Add NLP-specific metrics
@mattdangerw and the keras-nlp team:
For standard classification metrics (AUC, F1, Precision, Recall, Accuracy, etc.), keras.metrics can be used. But there are several NLP-specific metrics which can be implemented here, i.e., we can expose native APIs for these metrics.
I would like to take this up. I can start with the popular ones first and open PRs. Let me know if this is something the team is looking to add!
I've listed a few metrics (this list is, by no means, comprehensive):
-
Perplexity
-
ROUGE paper Pretty standard metric for text generation. We can implement all variations: ROUGE-N, ROUGE-L, ROUGE-W, etc.
-
BLEU paper Another standard text generation metric. Note: We can also implement SacreBleu.
-
Character Error Rate, Word Error Rate, etc. paper
-
Pearson Coefficient and Spearman Coefficient Looks like
keras.metricsdoes not have these two metrics. They are not NLP-specific metrics...so, maybe, implementing them in Keras is better than implementing them here.
Thank you!
@abheesht17 nice to meet you and thanks for opening this! Metrics are definitely something we are interested in building in keras-nlp, and we would be very happy to have you contribute.
We don't have any metrics to date, so I think it might help to identify one of these to start with that we feel is particularly well-defined and popular (perhaps BLEU?).
From there it would be helpful to iterate on a design before a PR. A good way to do this might be to create a colab showing a possible interface and use cases (including an end-to-end training example). Then we can all discuss the interface, and convert to a PR from there.
Does that sound good to you?
cc @fchollet @chenmoneygithub for thoughts
@mattdangerw, sounds good to me! I'll share a Colab notebook soon 👍🏼
@abheesht17 I'd suggest adding perplexity as well as it's one of the trickier metrics to use. Especially since it often gives inconsistent results and hugely varying results (in orders of magnitude) across different implementations by different existing libraries in my experience
@aflah02, good point. Will do!
@mattdangerw , here is the notebook for perplexity: https://colab.research.google.com/drive/1BH1lTw_qLK6671oWaoU15IrUKSQfd6oE?usp=sharing.
Experiencing some difficulty with BLEU Score...hence, shared the perplexity notebook first. Please go through it and let me know if you have any suggestions!
Difficulty with BLEU Score: In TensorFlow, is there any data structure which resembles a dictionary (keys as tensors)? I want to have a dictionary, with keys as ngrams, and values as frequency of the respective ngram. I can't use a Python dictionary because AutoGraph doesn't allow it (I guess) and also because we can't have tensors as keys (they are unhashable). I tried using MutableHashTable, but it does not accept tensors as keys. The alternative is to store the tensor reference (as key)...but the lookup operation will be O(n) this way.
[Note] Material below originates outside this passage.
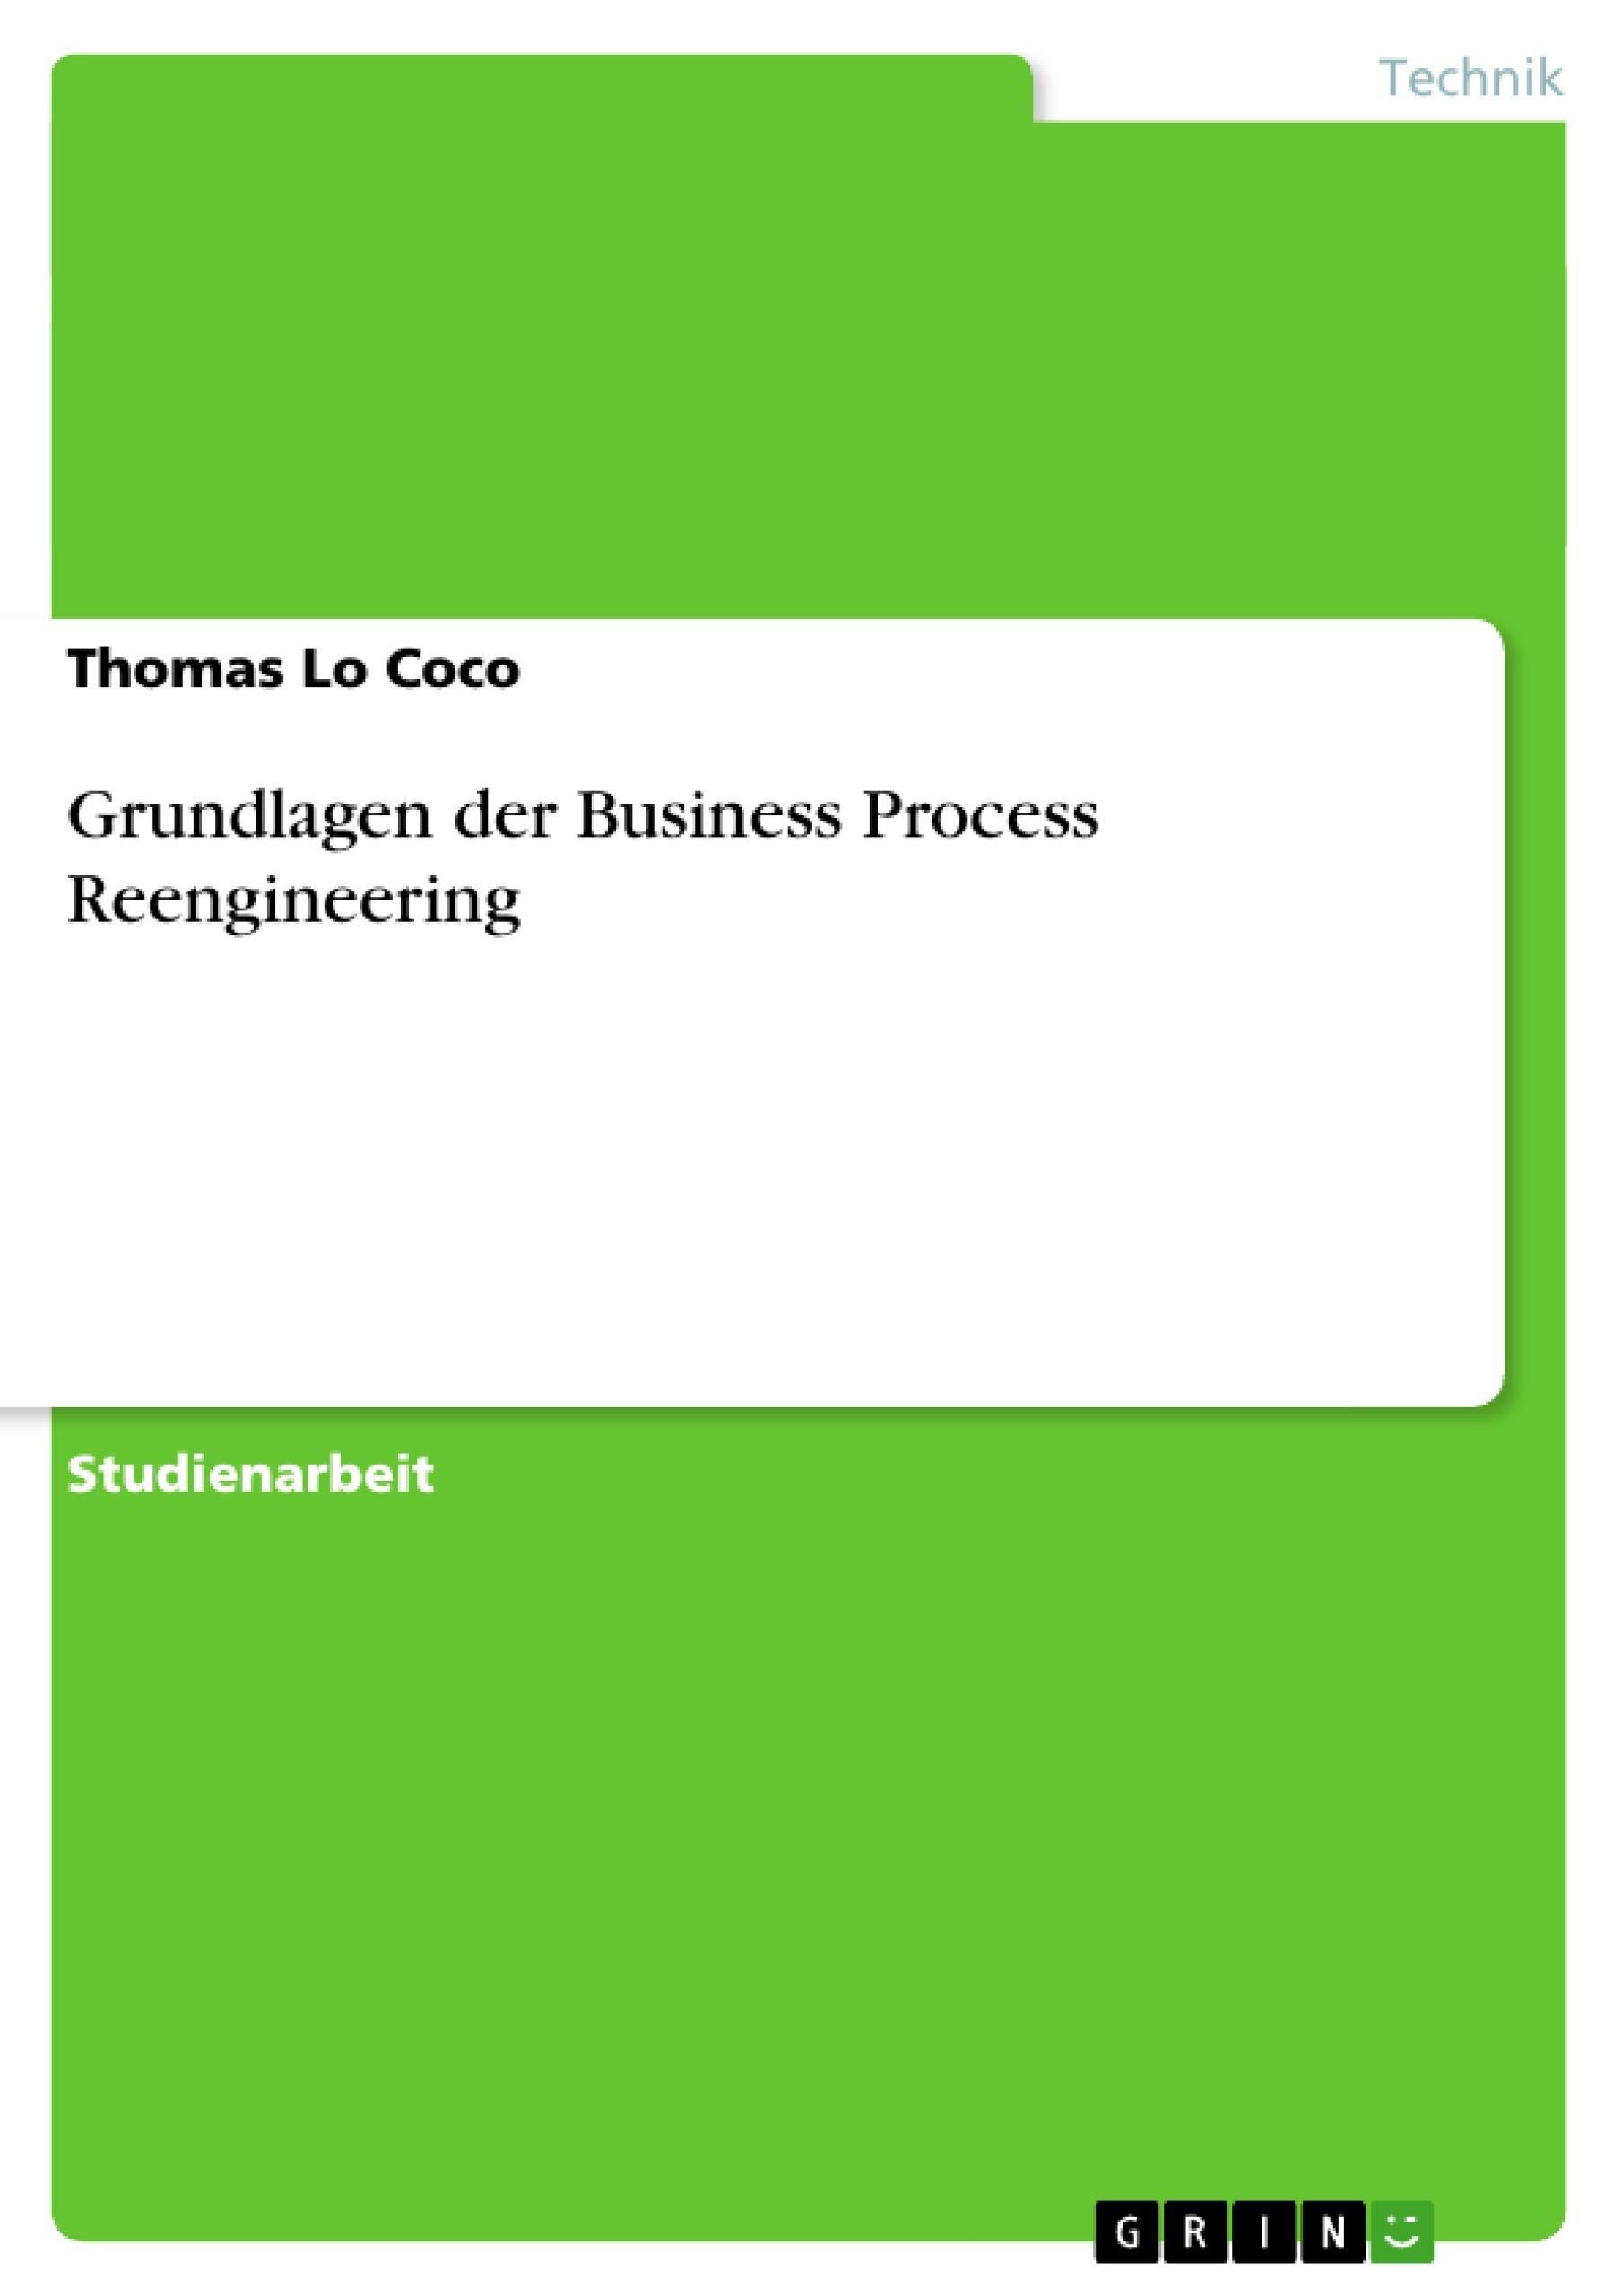 Titel: Grundlagen der Business Process Reengineering

I'll get started with ROUGE, meanwhile.
Thanks very much! I will carve out some time to look over this soon!
One useful resource on perplexity if you haven't seen it is here. https://huggingface.co/docs/transformers/perplexity
I don't think the notebook you are sharing will calculate a correct perplexity for a fixed window. But I'm not sure that is feasible as a live metric during training.
Yeah, correct. It won't work for a fixed window. If we want a fixed window, we could make a separate function and ask the user to pass the model and the tokenised input (of the whole corpus, or at least of reasonably sized chunks of the corpus, if the corpus is too big to be loaded in memory?).
I checked a few scripts. Most of them just take the exponent of the loss at the end of every epoch/end of training: https://github.com/huggingface/transformers/search?p=2&q=perplexity
So, let me know what the best course of action is.
Also, let me know if there is a way to circumvent the difficulty I am currently facing with BLEU Score.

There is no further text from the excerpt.